Коридоры были по-прежнему пусты, еще безлюдней была библиотека, и я полюбовался сквозь панорамное, изогнутое дугой окно, заменявшее заднюю стену, на далеко видный даже ночью след за кормой.
…В Болгарии все совершилось стремительно. «Балкантурист» мигом рассадил всех по автобусам, наша гид Светла, улыбаясь и словно лаская губами каждое слово, на беглом русском разъяснила расписание предстоявших в ближайшие три часа дел, тем временем наш шофер Василь выруливал со стоянки, а дальше порт рванулся с места так, будто мы шли на взлет. Встречные автомобили превратились в разноцветные промельки, и мимо нас, вдоль далекого теперь моря, потянулись то очерки гор, то купы деревьев, щедро укрывавшие россыпи черепичных крыш, то, наконец, фруктовые сады и ограды странно наклоненных в сторону моря горных пастбищ.
Отель «Гданьск» представлял собой вольную импровизацию на тему Виллы над Водопадом и не то сползал по склону ступенями этажей к главной улице курорта, не то поднимался к небу, такому уютному и близкому, что до него было проще простого дойти по широкой и пологой лестнице. Та тянулась вдоль отеля, близ окружавших этажи лоджий, и приводила к входу в холл, помещавшийся – что казалось правильным – на верхнем, а не нижнем этаже. Впрочем, внутри был устроен и лифт: наш багаж подняли в холл с его помощью, не дав нам даже запыхаться.
Затем последовало распределение номеров, и тут случилась первая странность. Почти все они были однокомнатные, двухместные. И однако нам с отцом, как это подчеркнула Светла, администрация нашла возможным предоставить двухкомнатный номер – как оказалось, еще и с ванной вместо душа. Возможно, на кого-то произвело впечатление профессорское звание отца, которое в тогдашней России значило неизмеримо меньше, чем, например, должность директора мясокомбината (таковой был в нашей группе). В России, но не в Болгарии. И мне вскоре довелось убедиться, что никакой ошибки не произошло. Вряд ли, конечно, все прочие остались довольны подобным решением управителей отеля, но жалобы никто не заявил, хотя в конторке у портье имелась соответствующая книжка, которая по-болгарски называлась «плакальной». Что же касается нас, то мы с удивлением и радостью вселились в просторные апартаменты, где, помимо кроватей, платяных шкафов, тумбочек и кресел, имелось еще изящное бюро на гнутых лапках, с затянутой сукном столешницей, набором ящичков, дверец и полок и с особым, тоже на гнутых ножках, стулом.
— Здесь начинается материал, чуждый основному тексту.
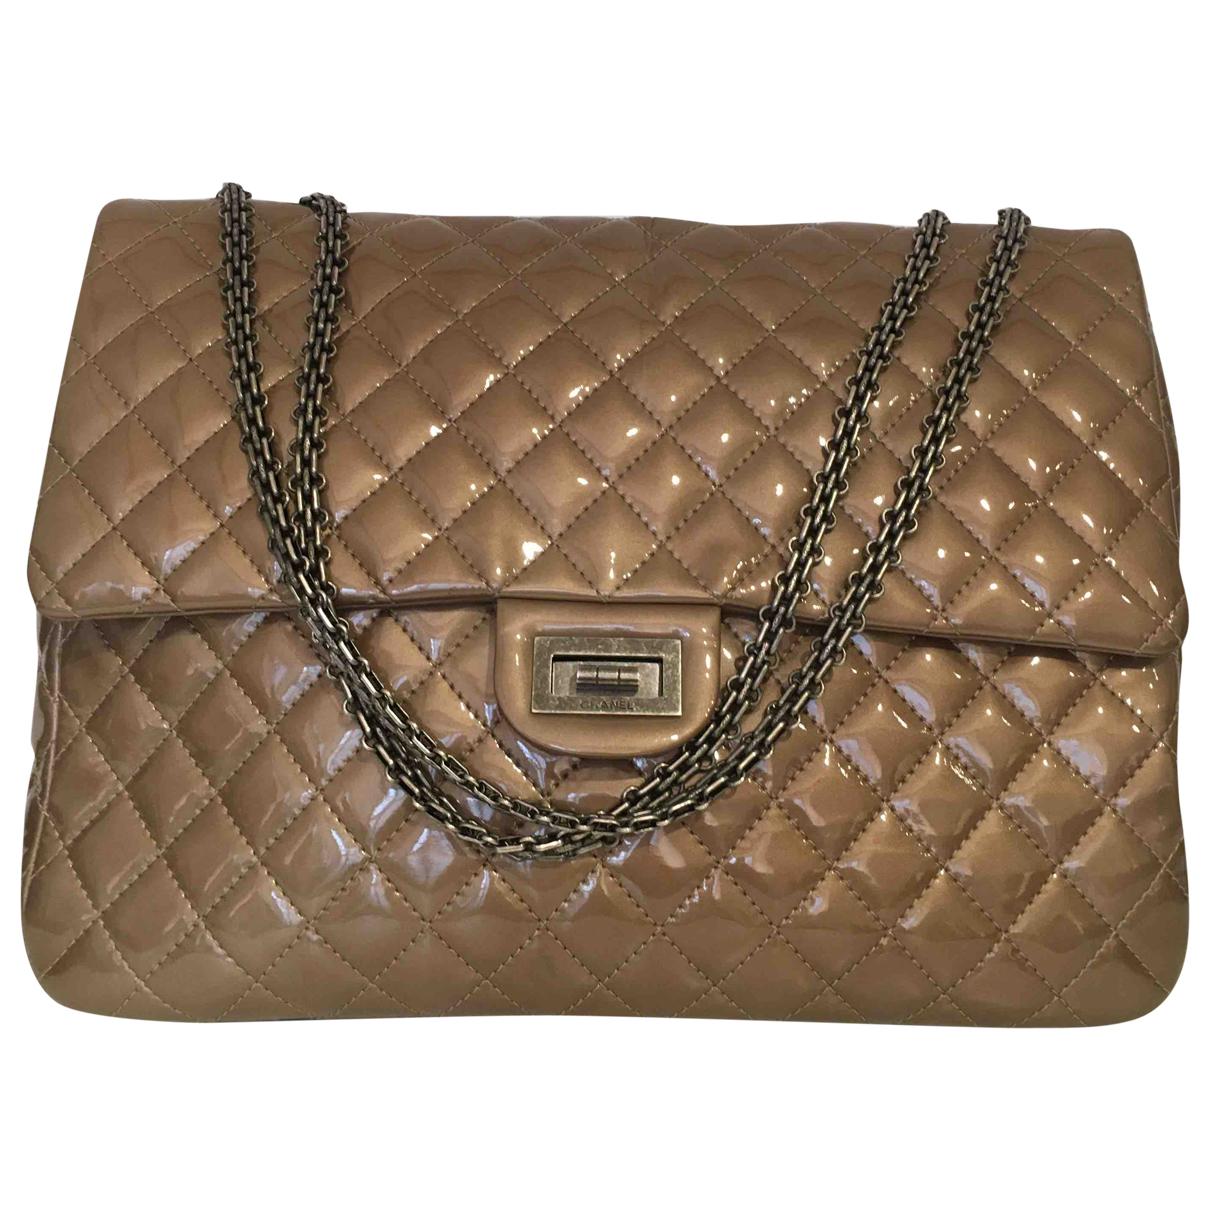 Chanel 2.55 Beige Patent leather handbag for Women \N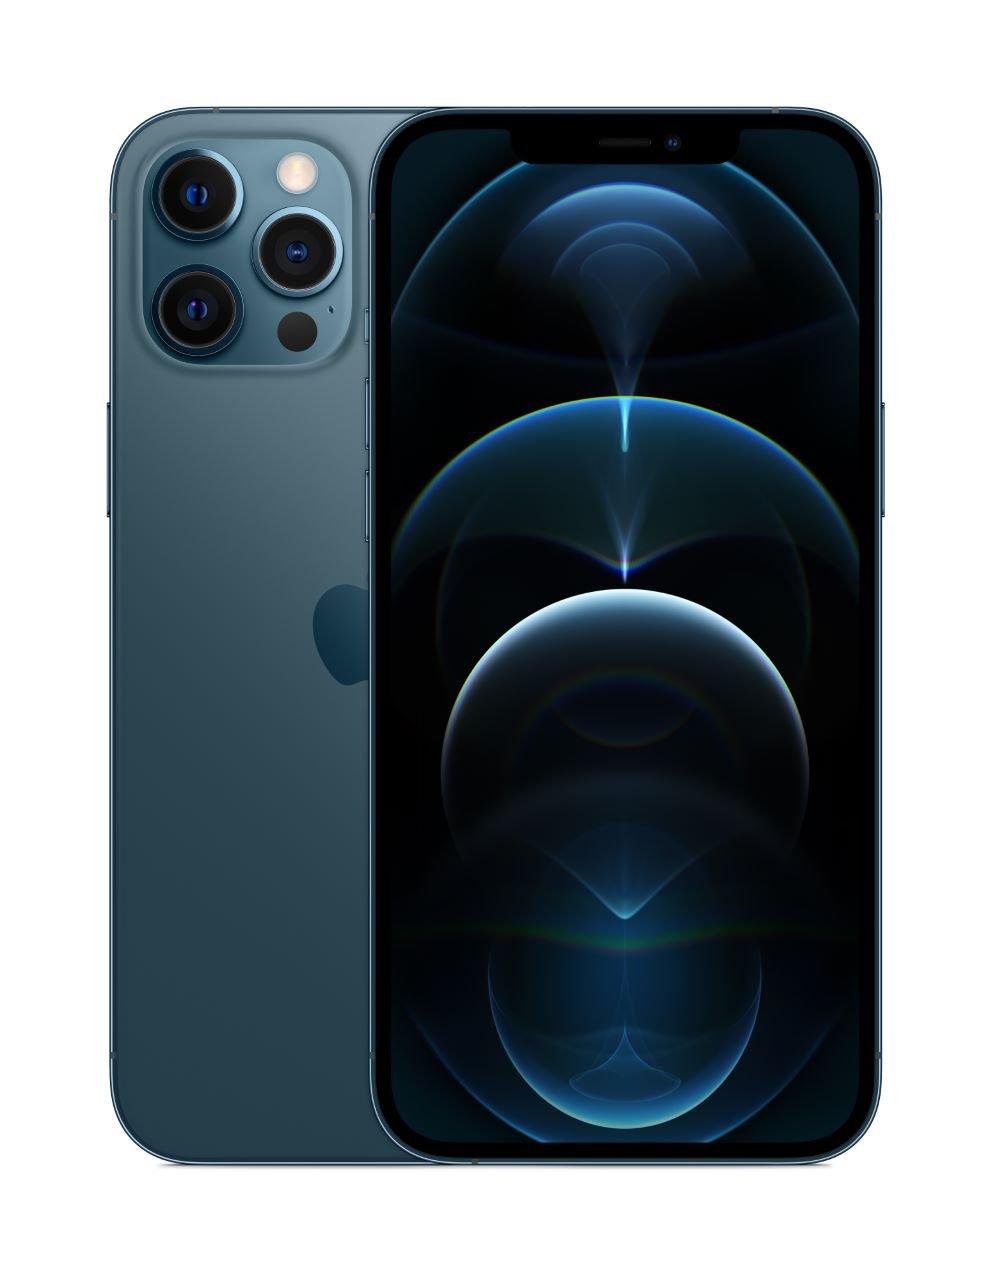 Apple iPhone 12 Pro Max Pazifikblau 128 GB MGDA3ZD/A

Так что я не без тайной гордости взирал тем же вечером, как отец разложил сопровождавшие его всегда папки с бумагами, разного калибра записные книжки и прочие писчие атрибуты на этом добродушном чудовище, имевшем дальнее, но явное родство с клавесином или клавикордом; после чего, убедившись, верно, в его благосклонном содействии, принялся тотчас что-то писать, по временам сверяясь с другими своими записями, увлекся, уйдя в работу, и, разумеется, даже не догадывался, что аккуратнейший его почерк, строка к строке, сразу привел всё в гармоническое соответствие. Ибо именно каллиграфия на тайных скрижалях всемирных соответствий равна природной строгости нотного письма, а что бы мог предложить в данном случае со своей стороны властелин мясной кулинарии?
Налюбовавшись достигнутым совершенством, я взял с блюда персик невиданных в наших краях размеров и удалился в лоджию – полеживать там в шезлонге, посматривать на россыпи огней, земных и небесных, и на досуге дать себе так или иначе отчет в тех мечтах, которые с некоторых пор без толку горячили мне кровь и пытались прикинуться моими: именно в это я как раз и не верил. Разумеется, я ничего не достиг. То, что это навязанное мне внимание ограничивалось лишь особами одного (примерно) со мною возраста, а, допустим, Светла, блистательная красавица, достигшая, однако, лет двадцати, могла интересовать меня лишь вчуже – это обстоятельство мне и прежде было отлично известно и нисколько не утешало меня. Зато огни всех сортов с вершины нашего холма были дивно хороши, и созерцанием их мне и пришлось умиротвориться.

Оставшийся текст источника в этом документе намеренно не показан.